### EXERCISE DETAILS
What you return must be the full listing, word for word, with no images in it.

==== DATA EXCERPT

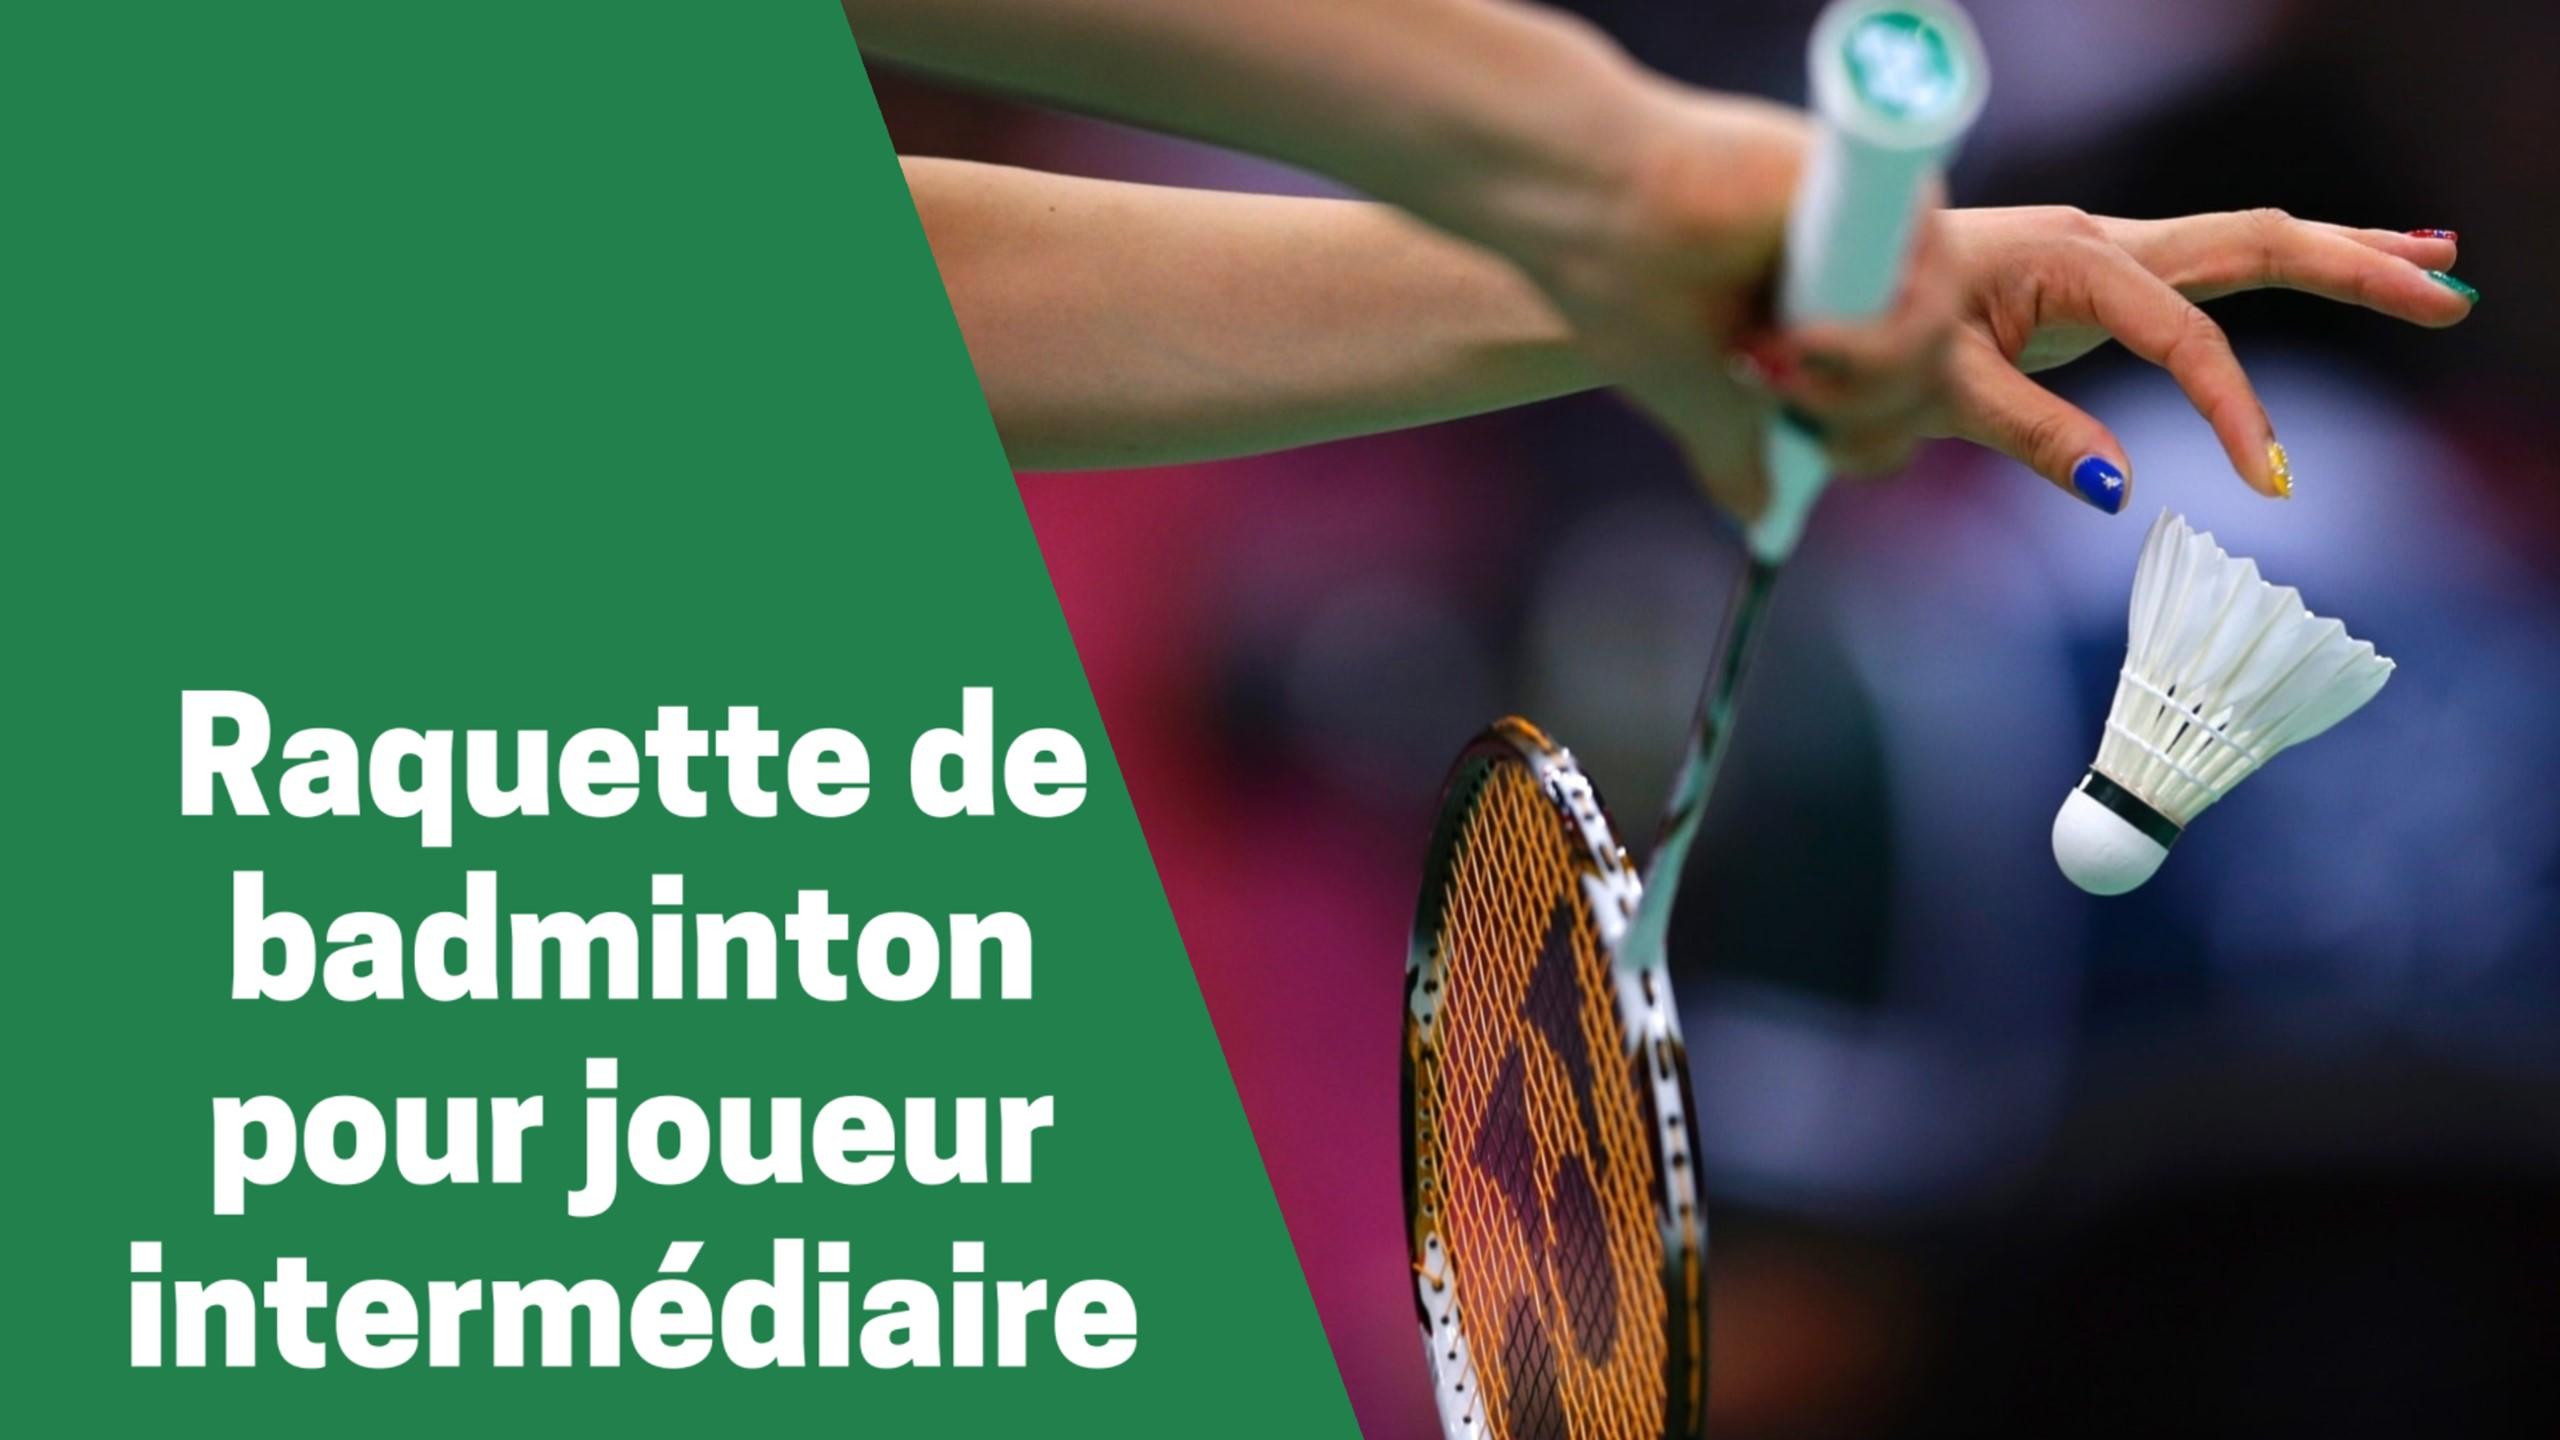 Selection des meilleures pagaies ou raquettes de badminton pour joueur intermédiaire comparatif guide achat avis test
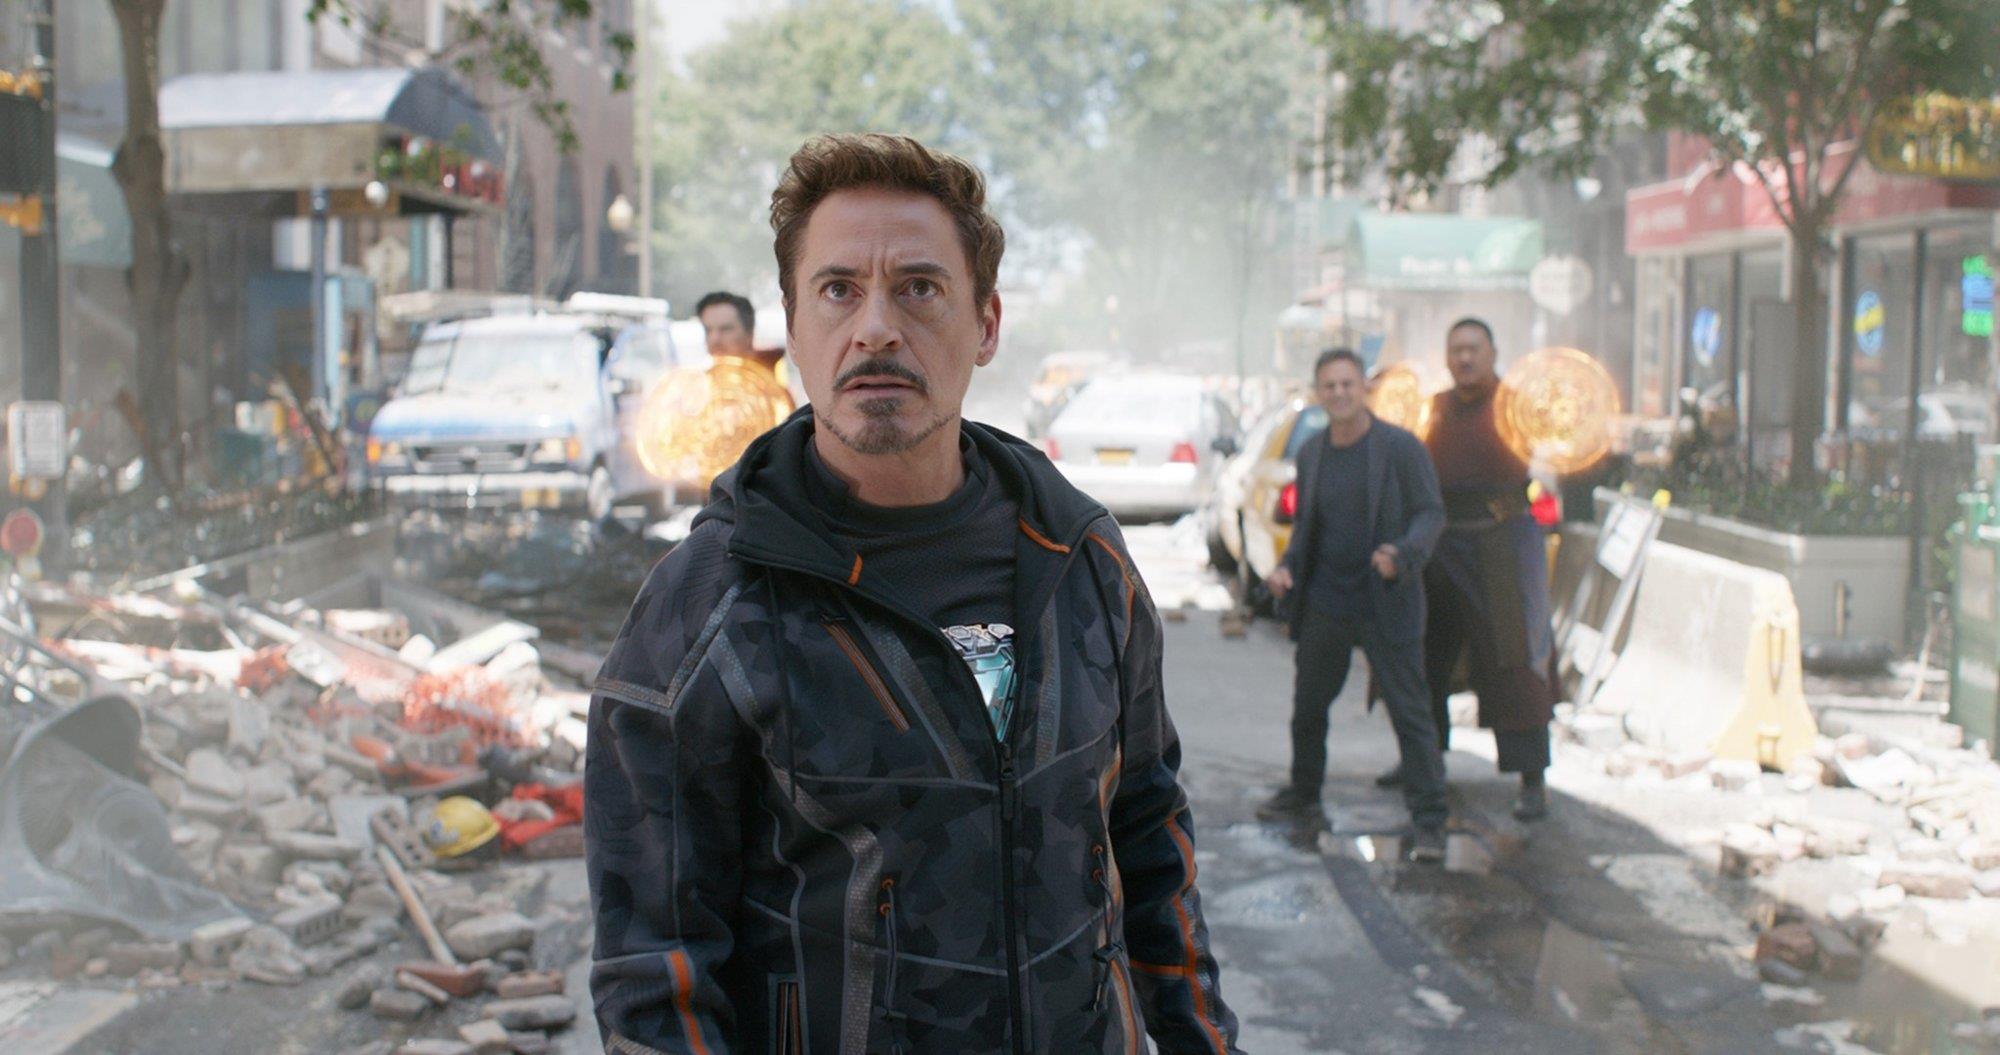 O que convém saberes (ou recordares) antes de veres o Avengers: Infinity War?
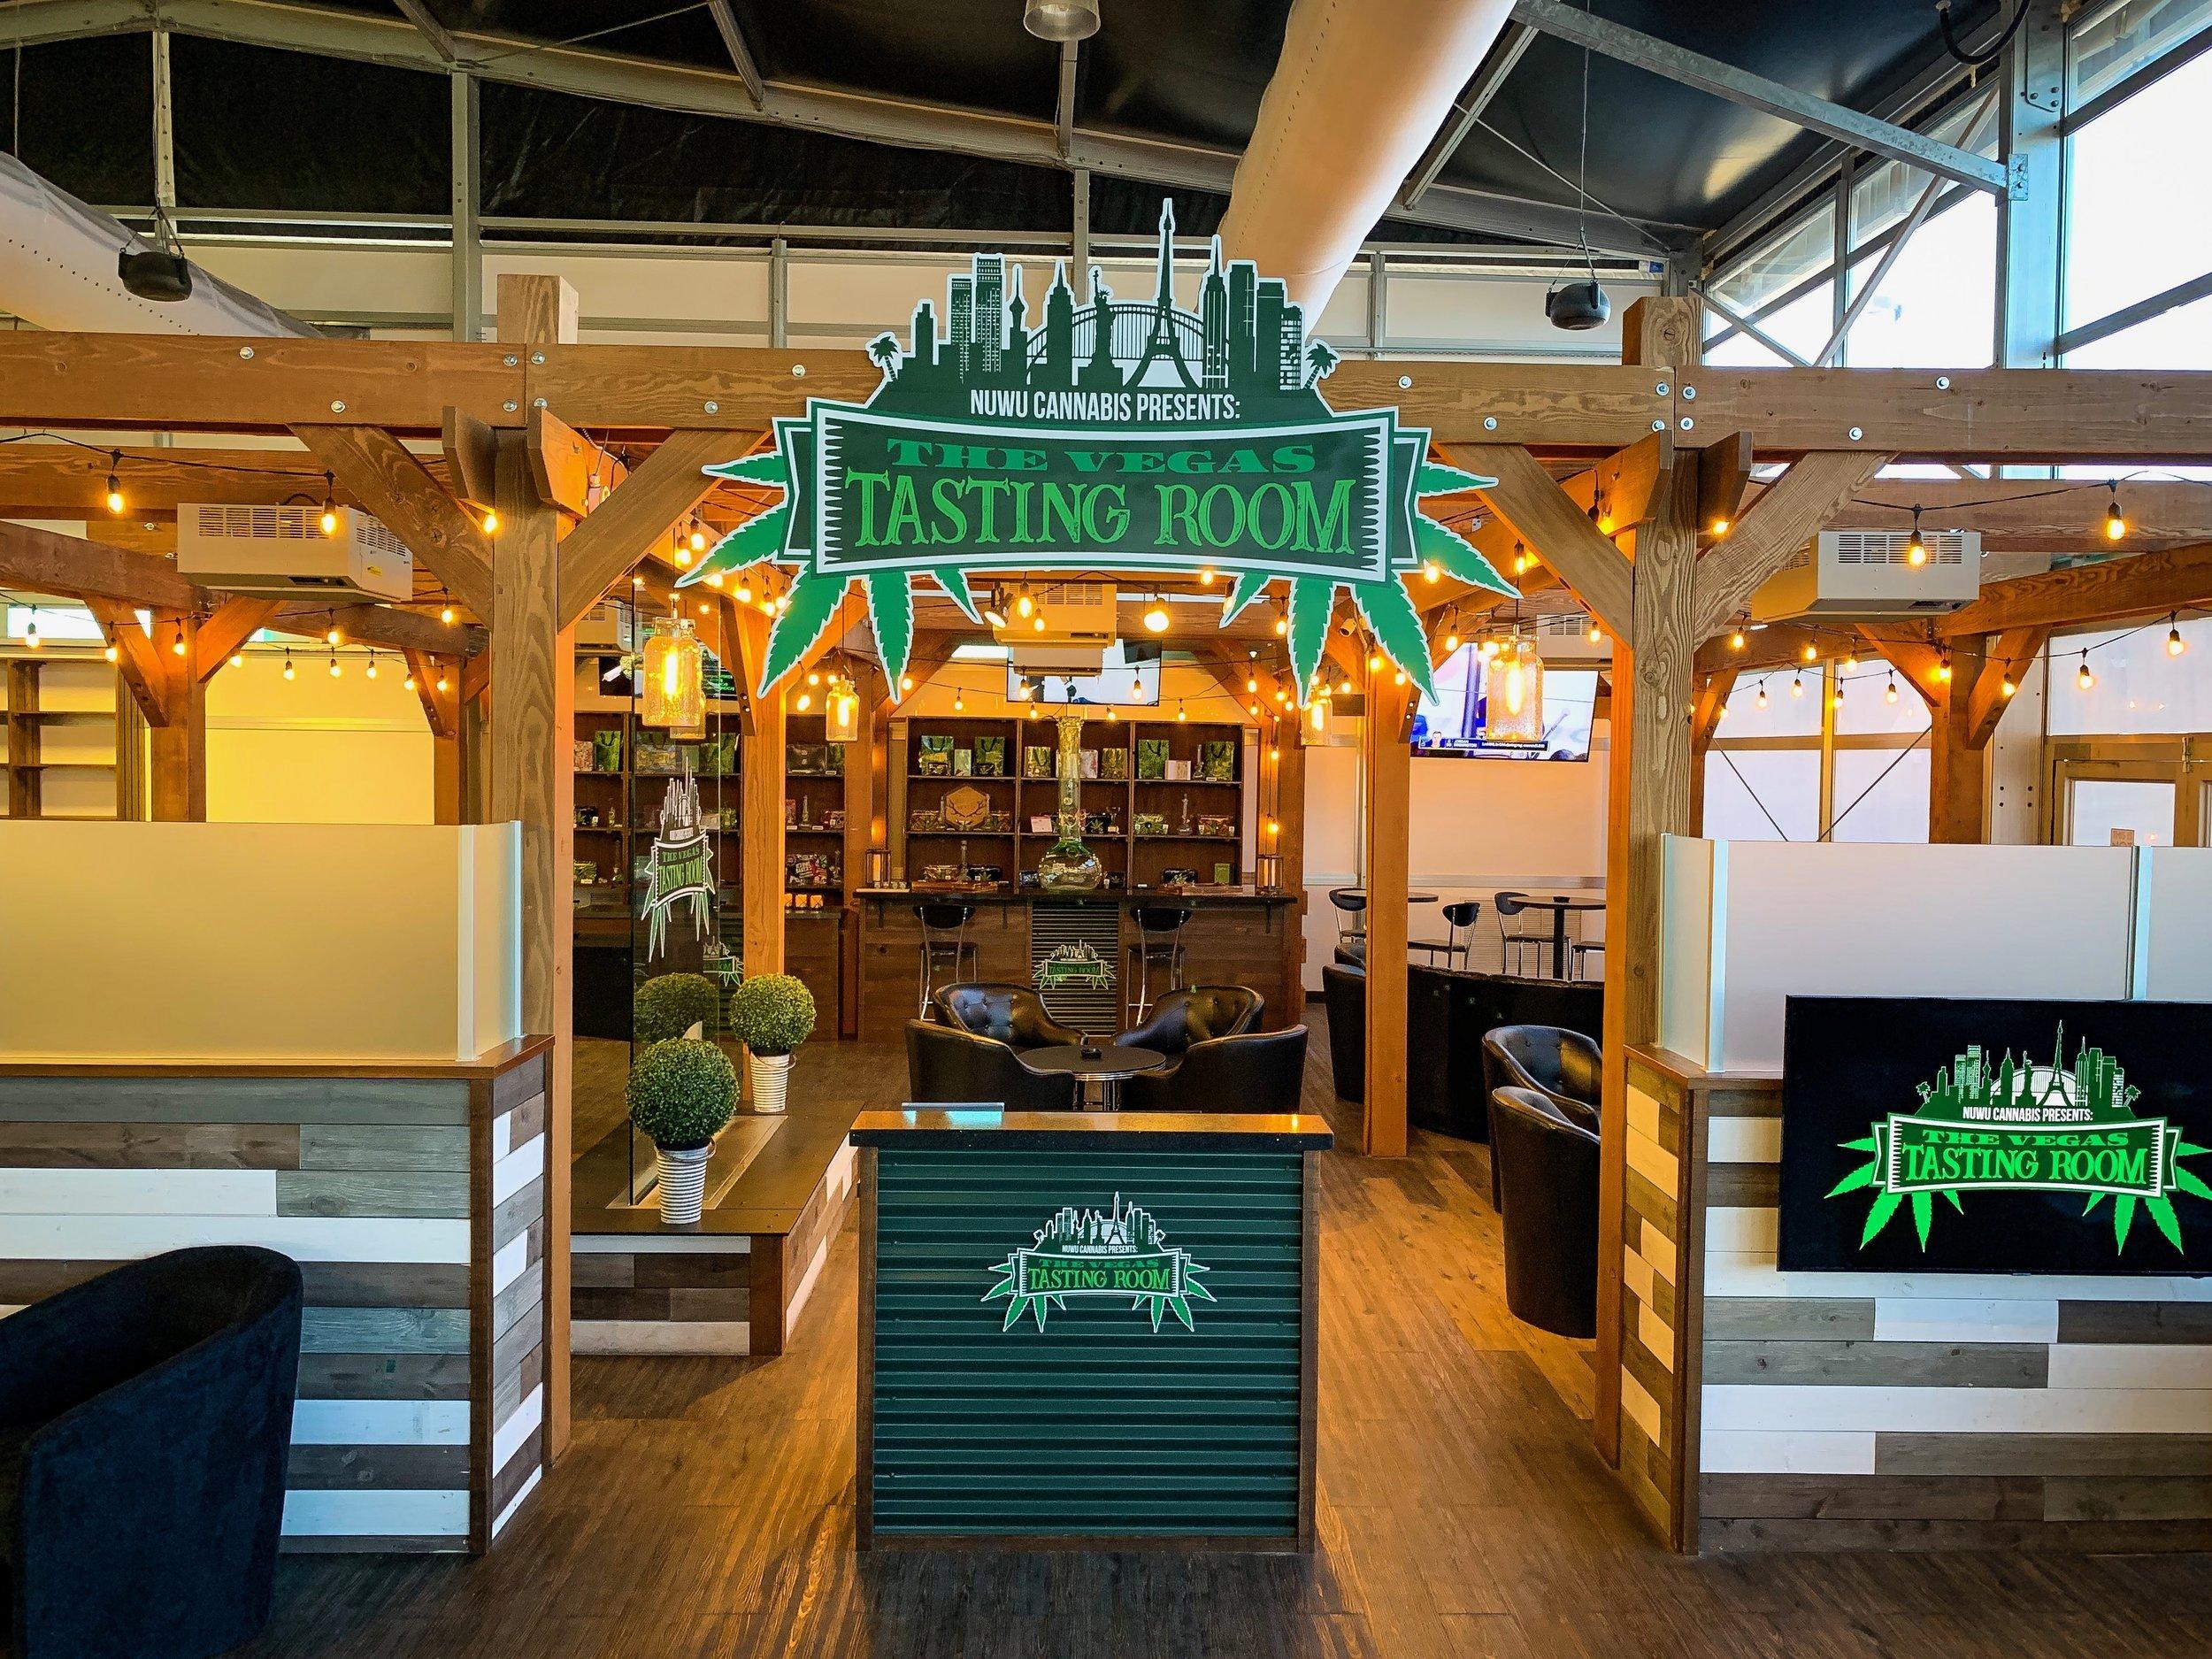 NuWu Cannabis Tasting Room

========

### SOLUTION TO THIS PROBLEM
 Selection des meilleures pagaies ou raquettes de badminton pour joueur intermédiaire comparatif guide achat avis test
 O que convém saberes (ou recordares) antes de veres o Avengers: Infinity War?
 NuWu Cannabis Tasting Room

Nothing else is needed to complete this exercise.